The second strategy to scale an EA (Evolutionary Algorithm) to Big Data Mining is the parallelization in a distributed environment. Vertical parallelization (scaling up) paradigm was widely explored. It includes multicore CPUs, supercomputers, hardware acceleration including graphic processing units (GPUs) and field-programmable gate arrays (FPGAs) [25]. In this work, we are interested in the horizontal parallelization (scaling out) paradigm where processing is dispersed over networked nodes. This paradigm do not require detailed knowledge of the underlying hardware architecture. The most known framework implementing the horizontal parallelization is the MapReduce paradigm and its distributed file system [11], originally introduced by Google. However, MapReduce encounters difficulties when dealing with iterative algorithms. Several new frameworks have been proposed to provide better support for iterative processing such as HaLoop [6] or Apache Spark¹. It is this last framework that we propose to scale up GP to Big Data Mining with processing manipulation. Our goal is the implementation of GP in a distributed ecosystem by adapting existing libraries. In a previous work, we proposed a solution to port a known GP implementation to the Spark context in order to take the most of its proven potential [16]. The source code of this model is available at GitHub². This implementation is reused in the present work.

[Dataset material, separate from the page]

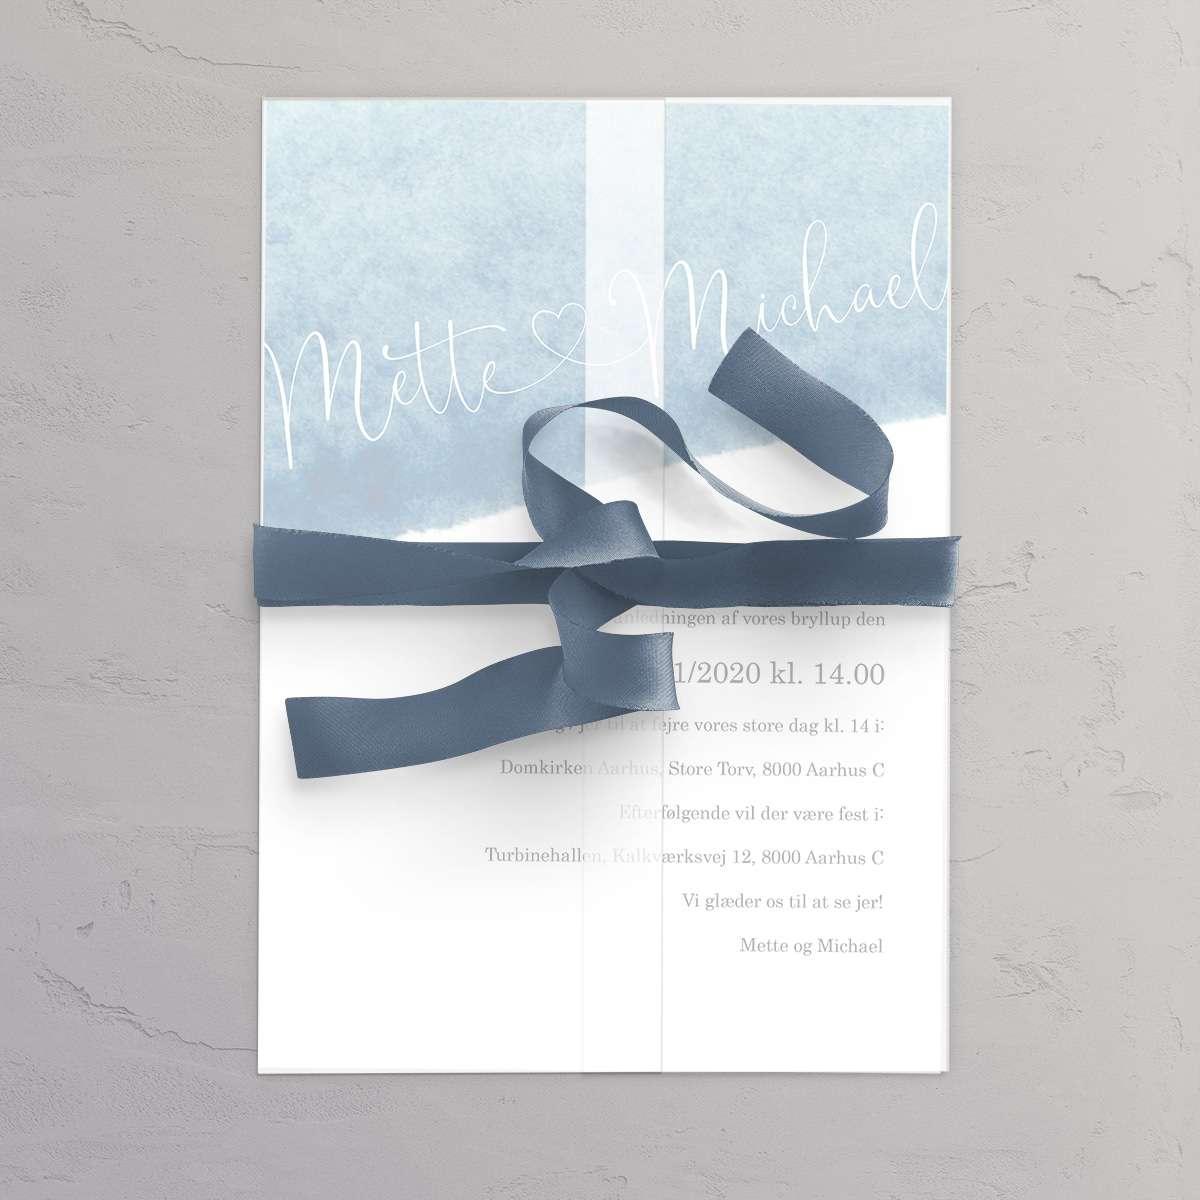 Bryllupsinvitation Something Blue med vellumcover, satinbånd i farven Smoke Blue og foret kuvert
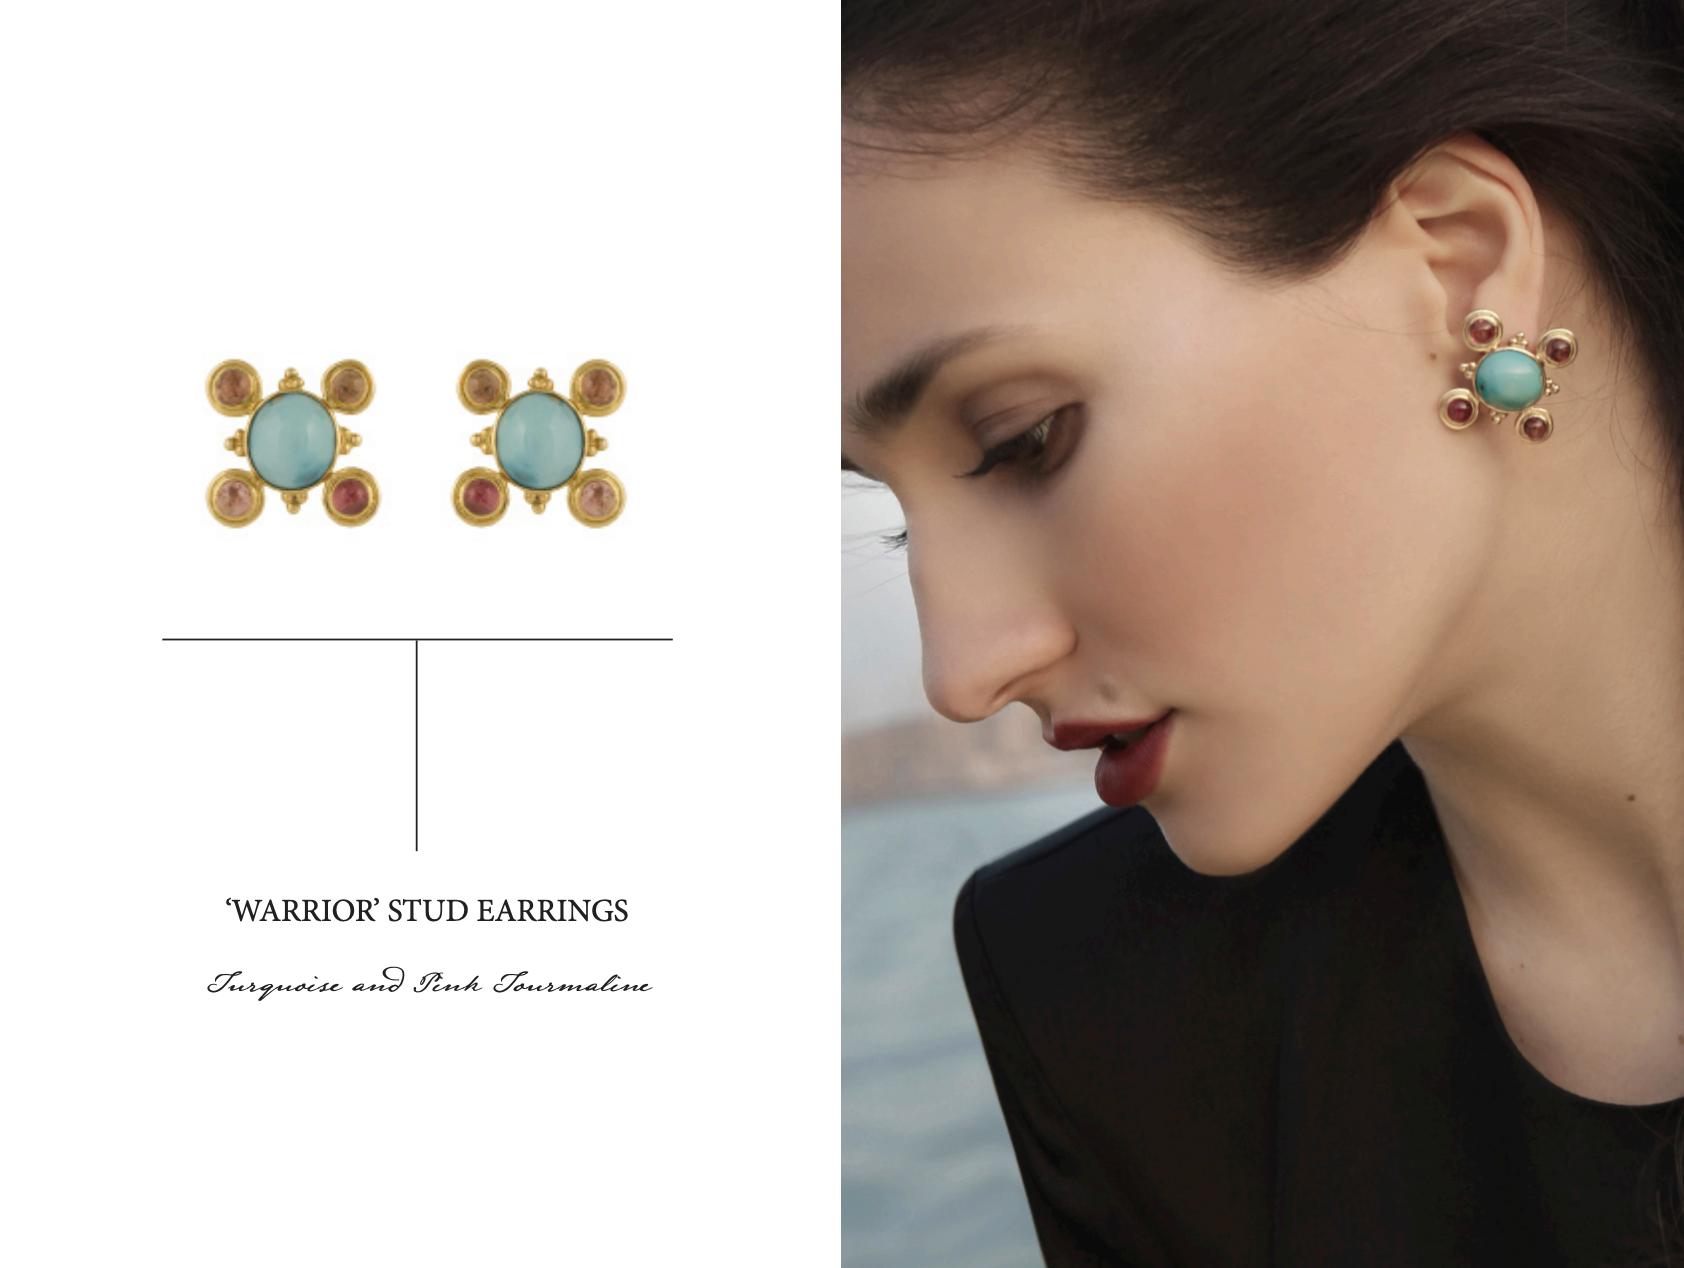 republic of toma jewelry - press kit design sarah pottharst 6.png

The main purpose of this paper is to summarize the different strategies to address Big Data challenges with machine learning (Sect. 2). It then presents the horizontal parallelization and the active learning paradigm, two suited approaches for EDMA (Sects. 3 and 4). The general purpose and some implementation details of the proposed techniques in each strategy are then given and explained in details (Sects. 3 and 4). The efficiency of GP obtained with the different extensions are studied on the HIGGS classification problem and the pulsar detection problem in Sect. 5.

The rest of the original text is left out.